Heisinger grateful for AHL experience

Craig Heisinger, or Zinger, as he’s affectionately known, is a hockey lifer.

He’s a tireless worker who humbly says he only ever wanted to be the trainer for the local pro hockey team.  Zinger turned that dedication and passion for the game into a highly successful career as an executive.

Today, his title tells you just how valuable he is to the Winnipeg Jets. Heisinger is the Senior Vice President and Director of Hockey Operations/Assistant General Manager of the Jets and General Manager of the Manitoba Moose.

Last week, Craig’s impact on the game was recognized by the American Hockey League – a league he holds in very high regard thanks, in part, to its place in his development.

CAREER CONTRIBUTIONS CELEBRATED

The AHL Board of Governors gathered at Hilton Head, South Carolina last week for their annual meeting where important league matters are dealt with and a little time is set aside to honour the league’s difference makers.

Craig Heisinger was among those called up on stage on the evening of July 5, and this was no minor pat on the back.  Zinger was awarded the Thomas Ebright Award for career contributions to the American League.

Anyone who’s had the good fortune of getting to know Craig knows the first thing he’d say about all that hullabaloo is that ‘it means you’ve been around a long time, and are getting old.’

Don’t be fooled by that hockey-ingrained modesty.  We’re talking about a person who has been deeply involved with the AHL since 2001, when the Moose joined a group of teams in moving over from the International Hockey League to the American League.

In fact, just one season into Manitoba’s AHL membership, Heisinger was promoted to General Manager of the Moose.  It’s a post he’s held ever since – including when the team moved to St John’s upon the return of the NHL to our province.

AHL IMPRESSED FROM THE START

Heisinger has long loved hockey, but really developed an appreciation for all of the nuances of the business by spending countless hours as a trainer in junior hockey, minor pro, and the NHL.

The time Craig invested soaking up what matters to players, coaches, and management types, as well as their families helped him to bring a great attention to detail to his work as he switched over to the executive side.

Early in that transition, as the Moose became members of the American League, Zinger recalls going to league meetings and immediately recognizing the AHL was something special.

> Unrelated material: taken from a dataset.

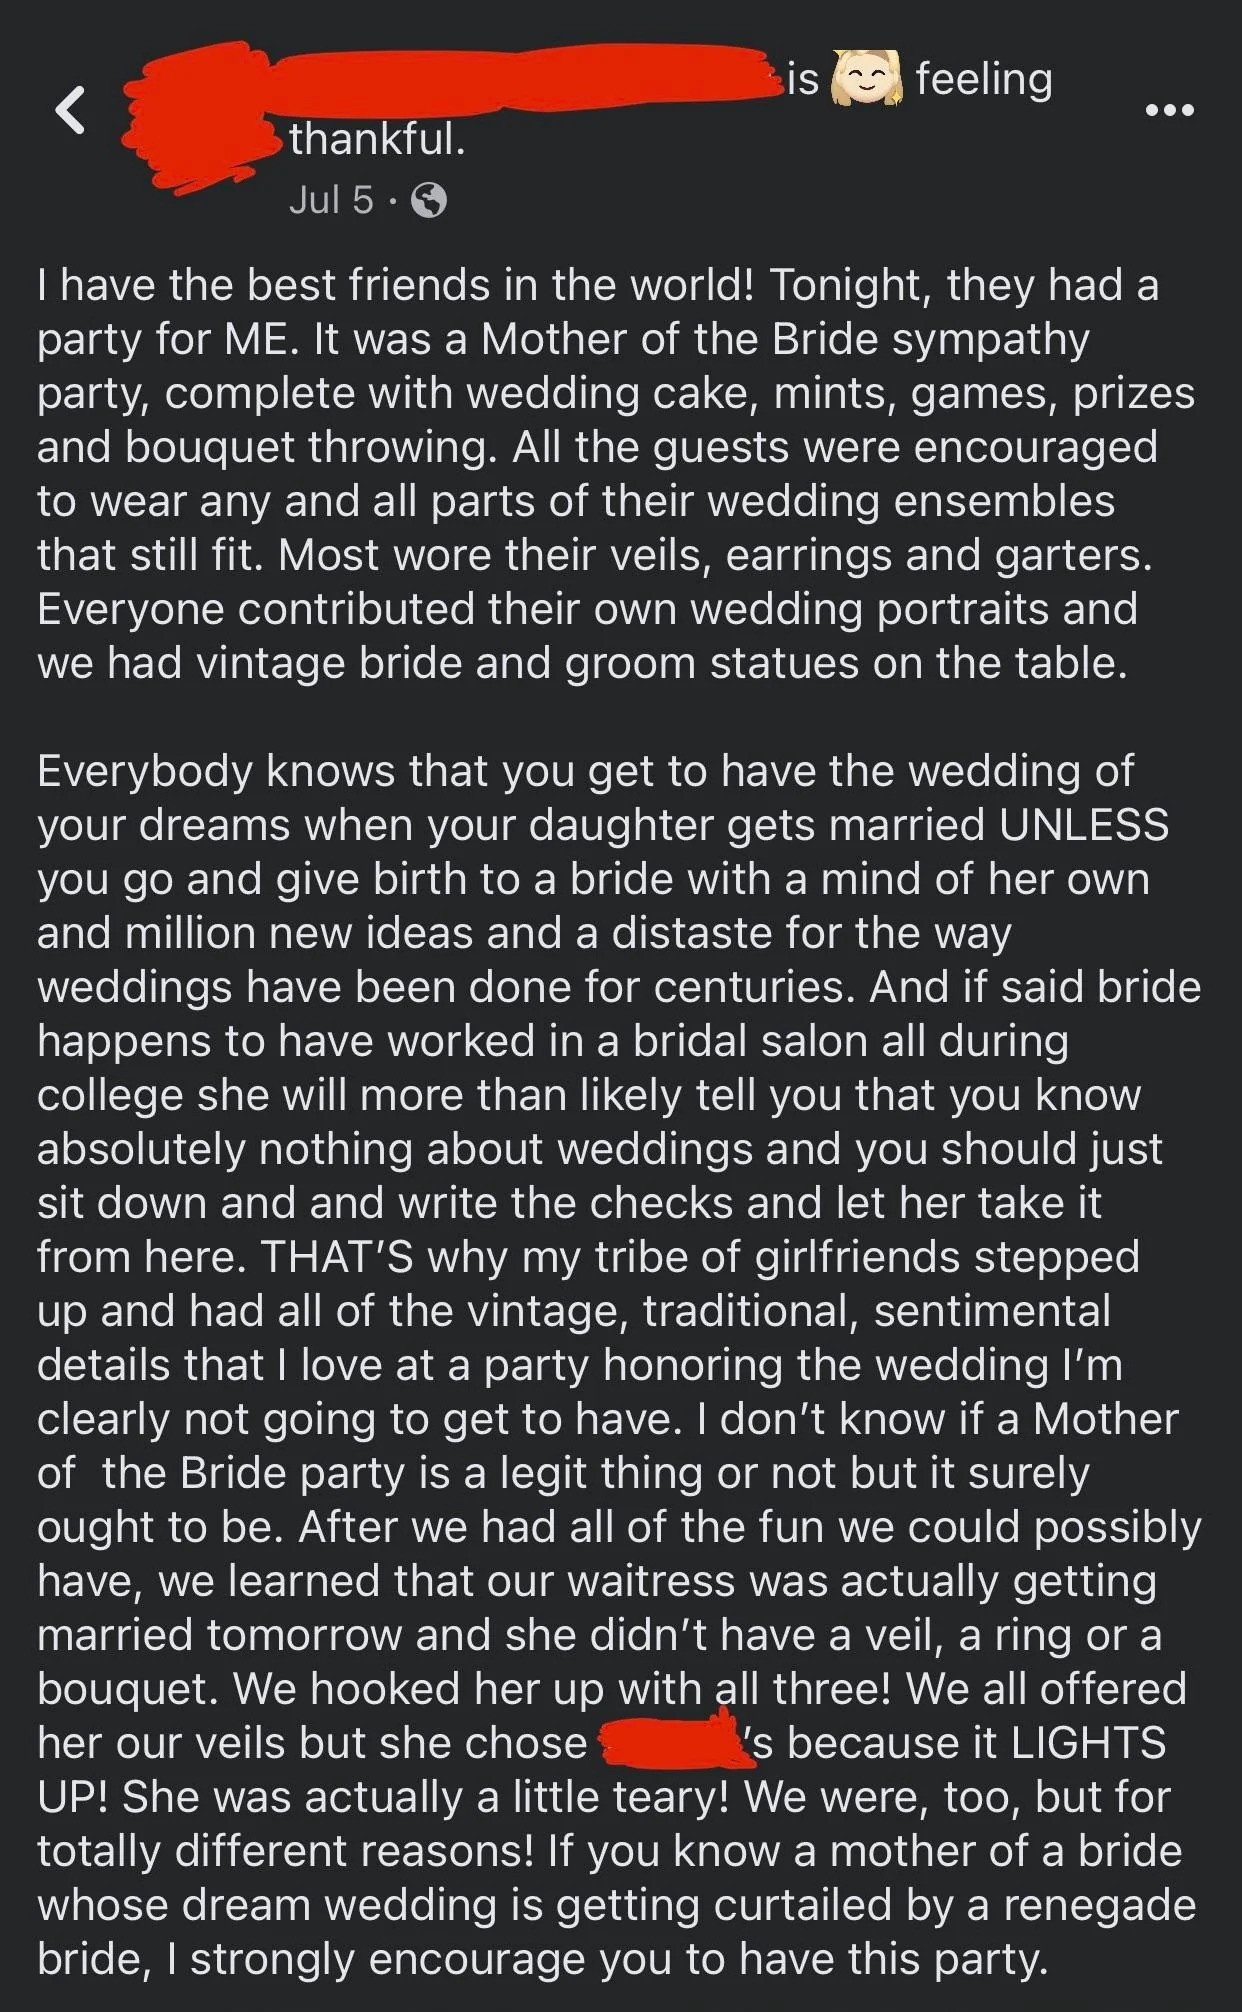 The image is a screenshot of a social media post with a text expressing gratitude for friends who threw a wedding-themed party after the author&#x27;s wedding was canceled

“There was nothing fly-by-night about the American Hockey League, and there were some things that were fly-by-night about the International Hockey League, and just the level of professionalism. (AHL President/CEO) Dave Andrews himself, the guys that were involved in the League, you could see why it was the second-best league in the world and would give you an opportunity to cut your teeth whether it was to stay at the American League level or to move on to another level.”

A LEARNING ENVIRONMENT

In the seasons since the Moose joined the American League, and since Zinger made the move up from the club’s Assistant GM, there have been many triumphs to celebrate (like 10 trips to the playoffs and two appearances in the Calder Cup Finals).

That said, there have been opportunities for growth too. Zinger is quick to point out plenty of lessons have been learned along the way.  It’s through some of the closest connections forged within his AHL network that much of this education has taken place.

People like current Anaheim Ducks’ head coach, and former Moose coach/exec, Randy Carlyle and widely-respected American League executive Glenn Stanford have been central to Zinger’s growth.

“He’d been (Stanford) around the League a lot longer than I had when I first joined.  There was a time when I thought I had all the answers, but the problem was I didn’t know half the questions.  Glenn was very open to telling me there was a reason I had two ears and only one mouth.  I learned a tremendous amount from Glenn.  To this day, as much as Randy Carlyle and I learned together, between Glenn and Randy I don’t know that there’s two people on the planet that I’ve learned more about the hockey business (from) than those two.”

In a neat twist of fate Stanford was also honoured at the Board of Governors meeting last week – a nod to an impactful 25 years of dedicated service to the AHL.

PROVEN PATH

One thing is still clear to Heisinger, with more than 15 years in the American League and gearing up for another season.  As much as the AHL appreciates his contributions, he feels very strongly about the league’s place in the game.

“I think it’s pretty evident – not only from a player perspective, but from a coaches’ and managers’ perspective – that all roads go through the American Hockey League to the National Hockey League. I think it’s very rare that you get to the National Hockey League without setting foot in the American Hockey League, whether it’s a long period of time or a short period of time,” said Zinger during a recent phone interview from the road. “And, I think if you don’t set foot in the American Hockey League, you’re not as prepared for the National Hockey League as you should be either as a player, or as a coach, or as a manager.”